Stan’s arm was soaked as he dropped it to his side. He was cold but barely felt the chill. The slashes of rain in the parking lot changed from silver to gold and back to silver as they passed through the lonely beam.
“That’s all, Teddy. I don’t want her back.” He laughed to himself as he finally understood it. “I just need to say goodbye.”
Stan turned from the rain and looked at his duffle bag. It sat on the bed, unzipped. He walked over to it, already knowing what he would find. Sure enough, when he opened the bag, there were his clothes, just as he had packed them. Reaching for a dry shirt, he smiled to himself.

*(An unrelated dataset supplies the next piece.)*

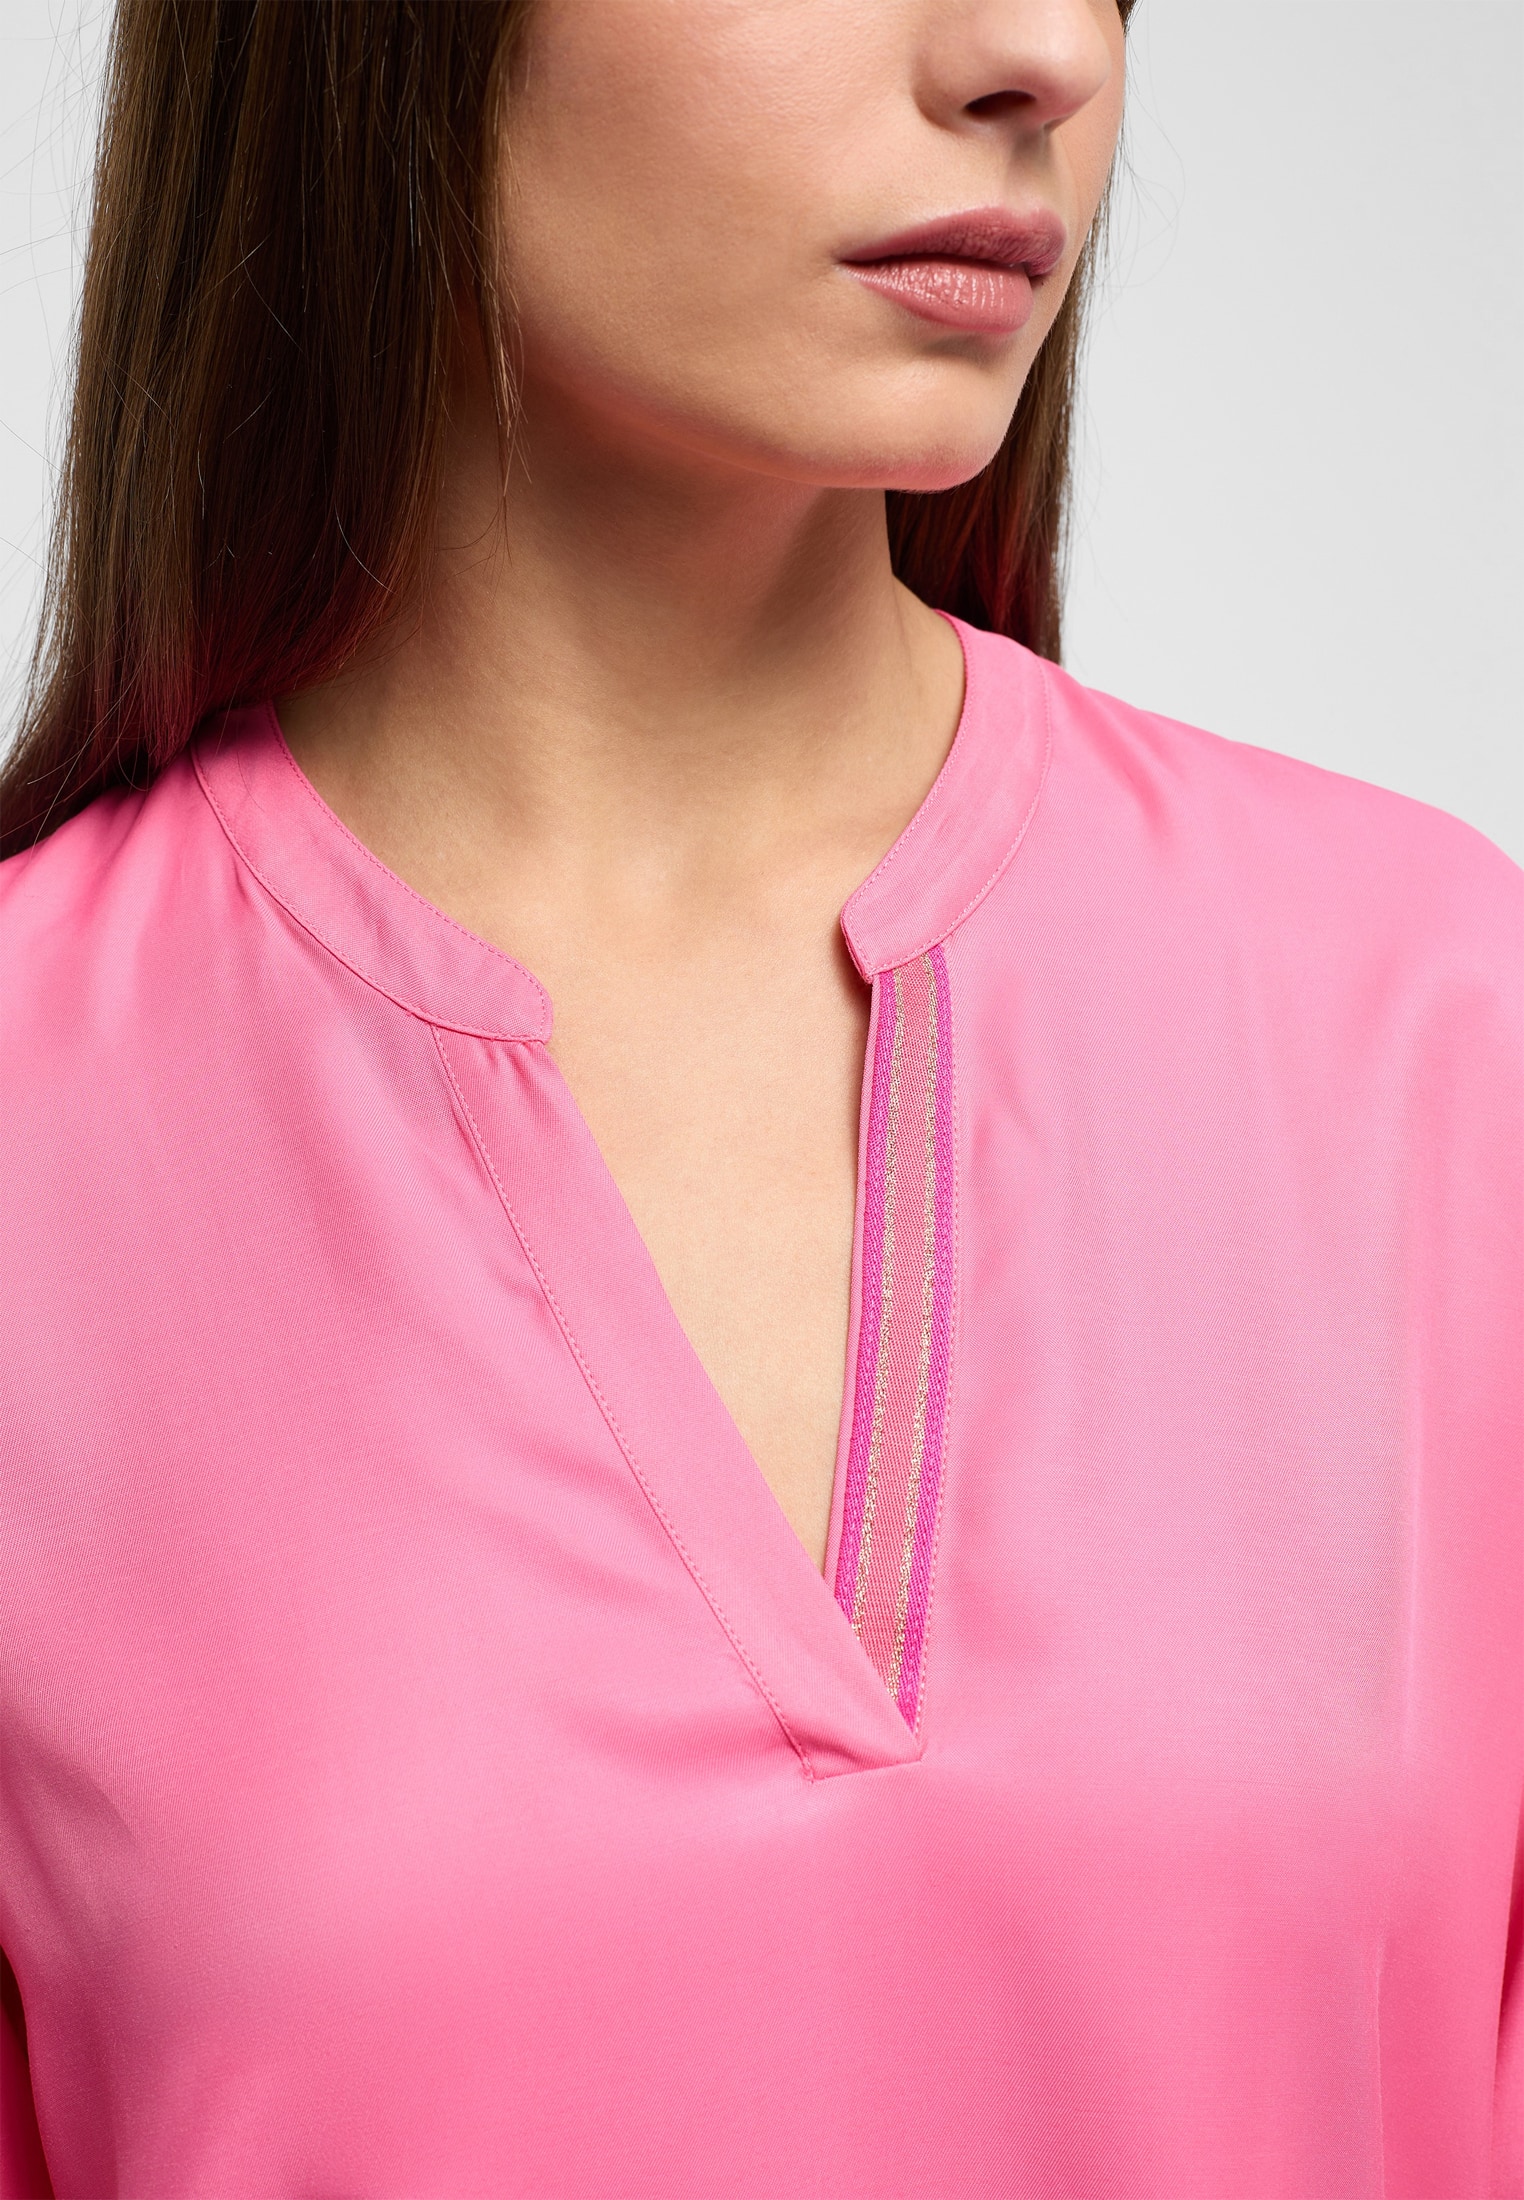 Shirt | pink Langarm | Bluse in | pink 2BL04272-15-21-42-1/1 | unifarben 42 Viscose

“I’m sorry I left you behind, little man, but I think it’s better this way,” he whispered to the air. “Besides . . . I know what I’m doing now.”
This story was written years ago, but since I’m in rehearsals I don’t have time to get something new posted. What’s fascinating to me is that this was written years before I moved to NYC . . . and became a puppeteer. An interesting case of life imitating art.